Vector Example: Count Valid Projections

from gaspatchio_core import ActuarialFrame
import polars as pl

data = {
    "policy_id": ["P001", "P002"],
    "monthly_benefits": [[100.0, 105.0, float('nan'), 115.0], [200.0, 210.0, 220.0, float('nan')]],
}
af = ActuarialFrame(data)

af.valid_months = af.monthly_benefits.list.eval(pl.element().is_not_nan()).list.sum()

print(af.collect())
shape: (2, 3)
┌───────────┬──────────────────────────┬──────────────┐
│ policy_id ┆ monthly_benefits         ┆ valid_months │
│ ---       ┆ ---                      ┆ ---          │
│ str       ┆ list[f64]                ┆ u32          │
╞═══════════╪══════════════════════════╪══════════════╡
│ P001      ┆ [100.0, 105.0, … 115.0]  ┆ 3            │
│ P002      ┆ [200.0, 210.0, … NaN]    ┆ 3            │
└───────────┴──────────────────────────┴──────────────┘

is_not_null()

Check which values are not null (not missing) in this expression or column.

Returns a boolean expression indicating which values are present and valid.

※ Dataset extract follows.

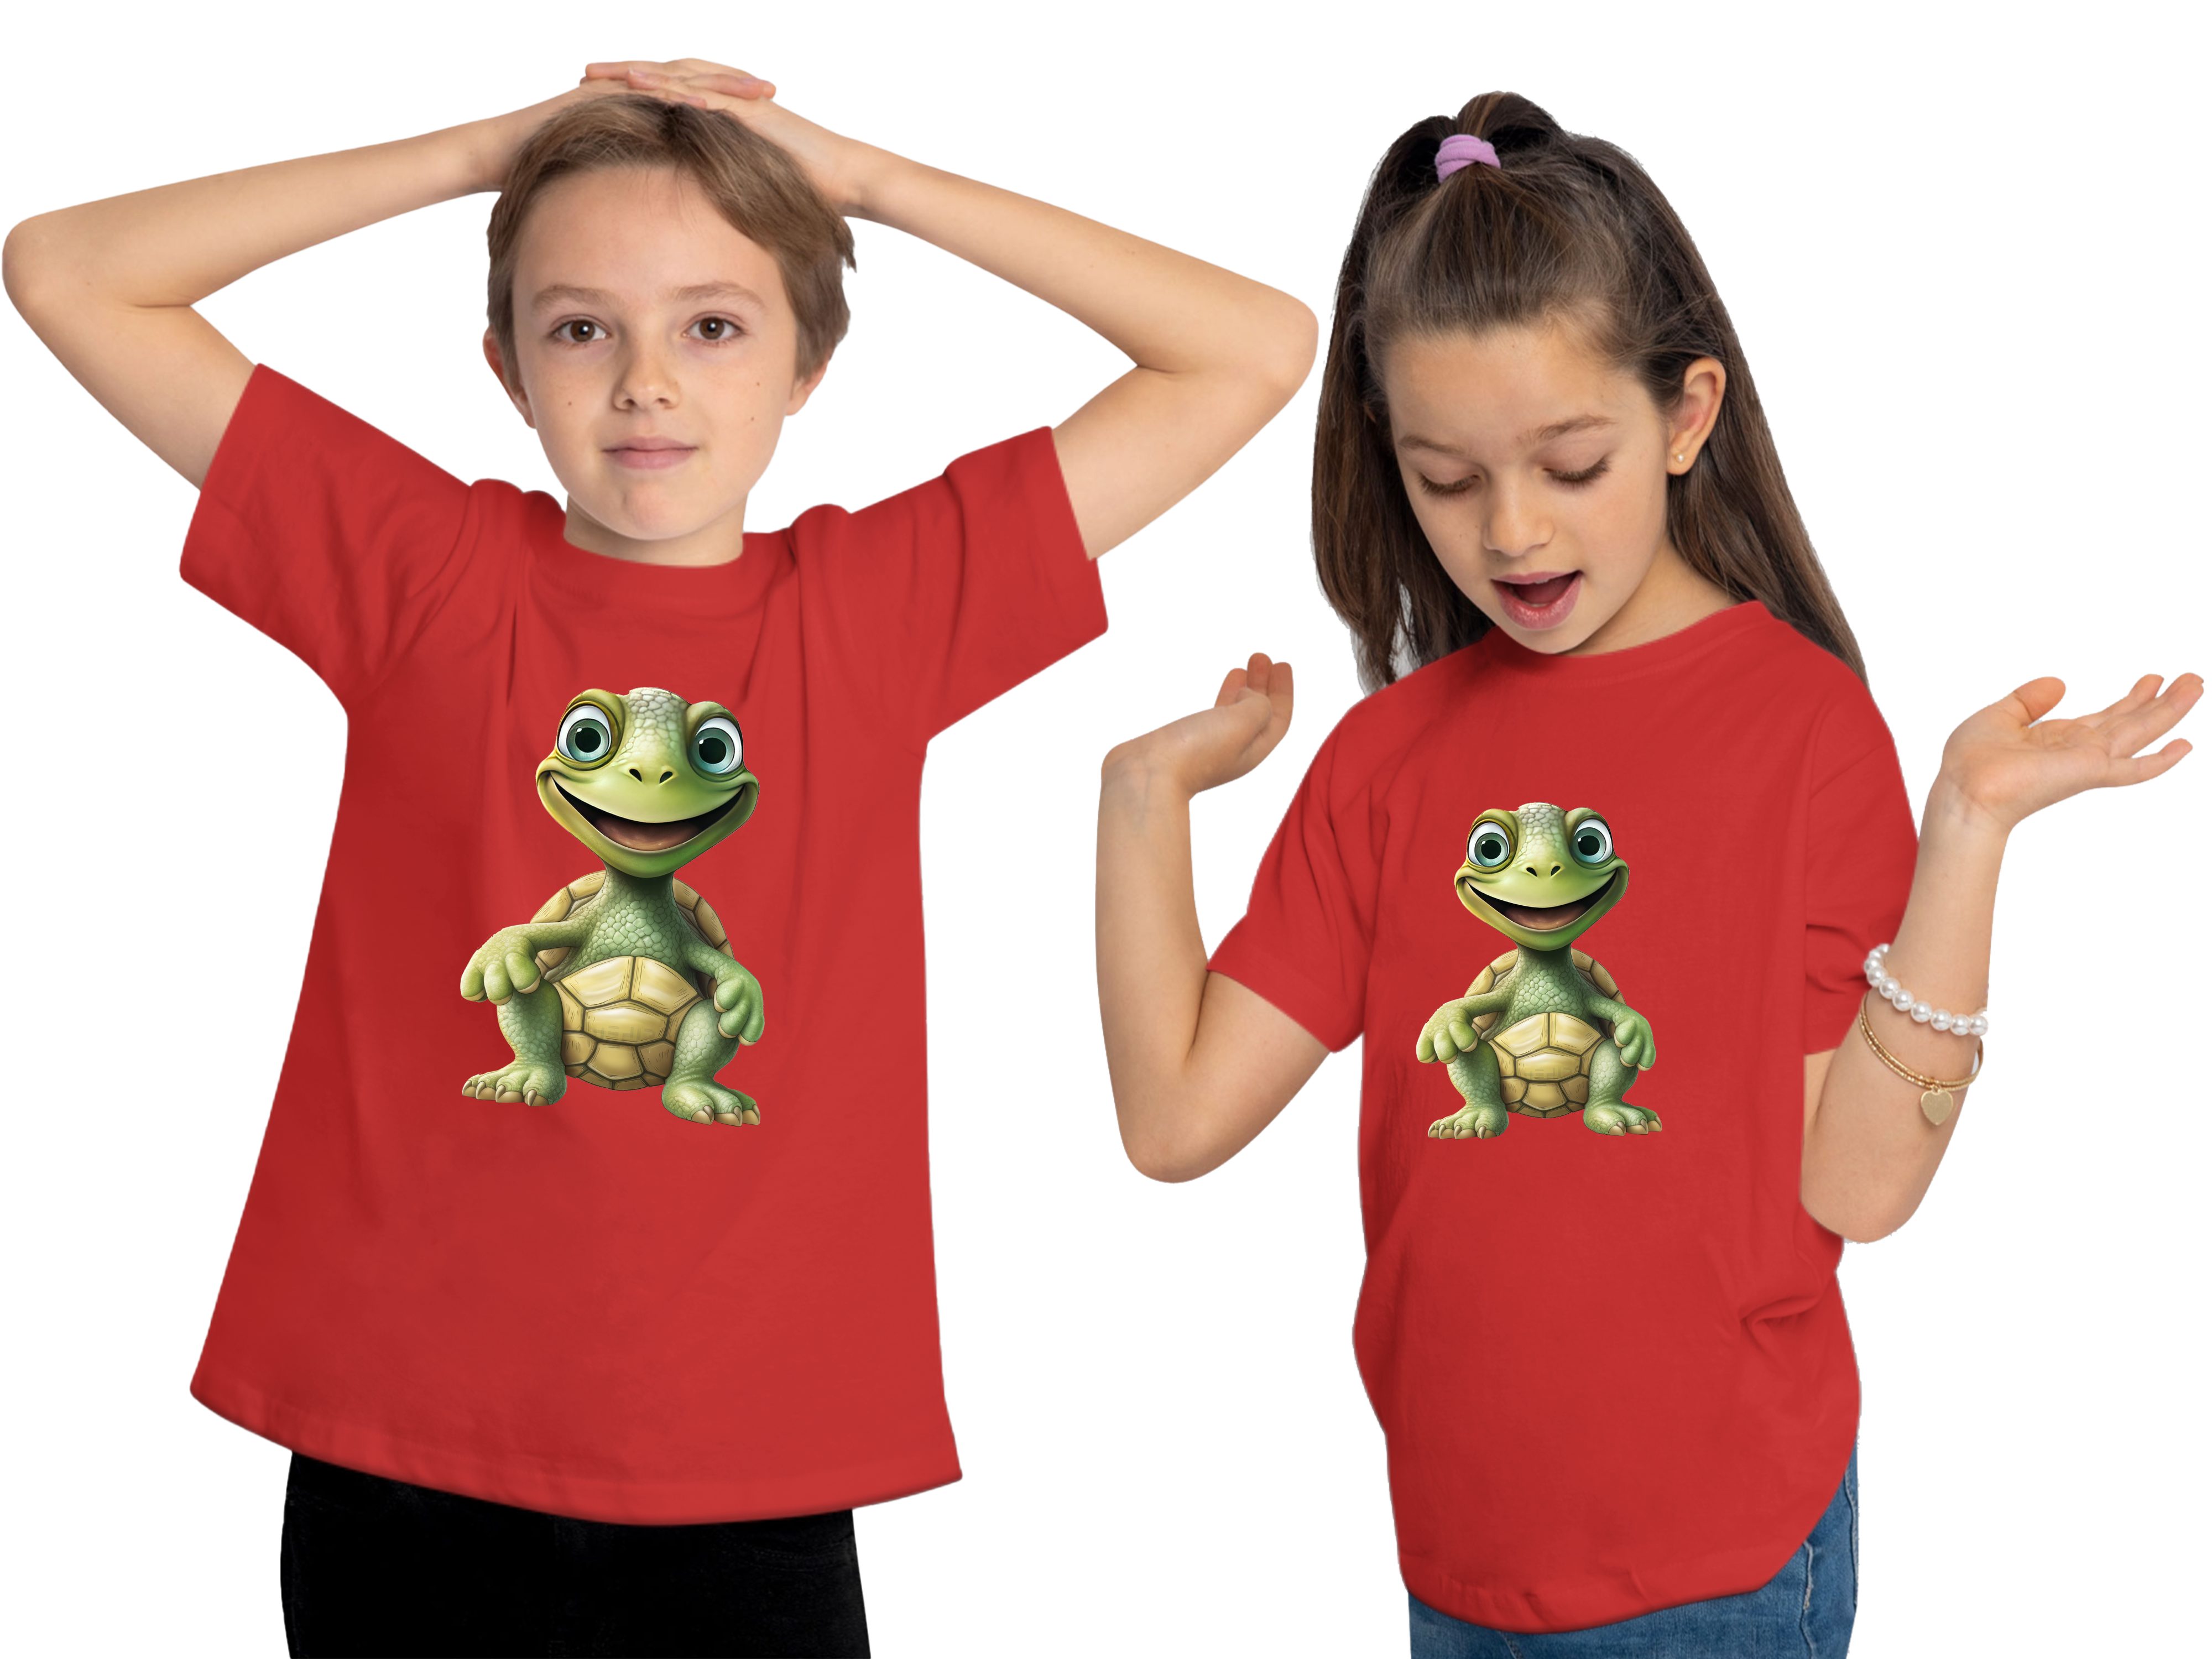 T-Shirt Wildtier Aufdruck, Baumwollshirt rot Baby i279 Kinder MyDesign24 bedruckt Schildkröte mit Print Shirt -

Essential for data quality assessment, filtering complete records, and implementing conditional logic based on data availability in actuarial analysis.

When to use

  • Data Quality Filtering: Select only records with complete information for premium calculations, claim processing, or risk assessment.
  • Conditional Processing: Apply different business rules based on data availability, such as using default values only when primary data exists.
  • Complete Case Analysis: Identify policies or claims with full data sets for statistical analysis and model development.
  • Validation Rules: Ensure critical fields are populated before processing transactions, calculating reserves, or generating reports.
  • Data Completeness Metrics: Calculate percentages of complete records for data quality monitoring and process improvement.
  • Business Logic: Implement rules that require specific information to be present before applying rates, discounts, or risk adjustments.

Returns

ExpressionProxy An expression containing boolean values indicating whether each value in the original expression is not null (True) or null (False).

Examples

Scalar Example: Filter Complete Policy Records

from gaspatchio_core import ActuarialFrame

data = {
    "policy_id": ["P001", "P002", "P003", "P004"],
    "beneficiary": ["John Doe", None, "Jane Smith", "Bob Wilson"],
    "premium": [1200.0, 1500.0, None, 1800.0],
}
af = ActuarialFrame(data)
result = af.with_columns(
    (af["beneficiary"].is_not_null() & af["premium"].is_not_null()).alias(
        "complete_record"
    )
).collect()
print(result)
shape: (4, 4)
┌───────────┬─────────────┬─────────┬─────────────────┐
│ policy_id ┆ beneficiary ┆ premium ┆ complete_record │
│ ---       ┆ ---         ┆ ---     ┆ ---             │
│ str       ┆ str         ┆ f64     ┆ bool            │
╞═══════════╪═════════════╪═════════╪═════════════════╡
│ P001      ┆ John Doe    ┆ 1200.0  ┆ true            │
│ P002      ┆ null        ┆ 1500.0  ┆ false           │
│ P003      ┆ Jane Smith  ┆ null    ┆ false           │
│ P004      ┆ Bob Wilson  ┆ 1800.0  ┆ true            │
└───────────┴─────────────┴─────────┴─────────────────┘

Vector Example: Data Completeness by Policy Type

from gaspatchio_core import ActuarialFrame

data = {
    "policy_type": ["TERM", "TERM", "WHOLE", "WHOLE", "UL"],
    "medical_exam": ["Complete", None, "Complete", None, "Complete"],
}
af = ActuarialFrame(data)
result = af.with_columns(
    af["policy_type"].count().alias("total_policies"),
    af["medical_exam"].is_not_null().sum().alias("complete_exams")
).collect()
print(result)
shape: (5, 4)
┌─────────────┬──────────────┬────────────────┬────────────────┐
│ policy_type ┆ medical_exam ┆ total_policies ┆ complete_exams │
│ ---         ┆ ---          ┆ ---            ┆ ---            │
│ str         ┆ str          ┆ u32            ┆ u32            │
╞═════════════╪══════════════╪════════════════╪════════════════╡
│ TERM        ┆ Complete     ┆ 5              ┆ 3              │
│ TERM        ┆ null         ┆ 5              ┆ 3              │
│ WHOLE       ┆ Complete     ┆ 5              ┆ 3              │
│ WHOLE       ┆ null         ┆ 5              ┆ 3              │
│ UL          ┆ Complete     ┆ 5              ┆ 3              │
└─────────────┴──────────────┴────────────────┴────────────────┘

is_null()

Check which values are null (missing) in this expression or column.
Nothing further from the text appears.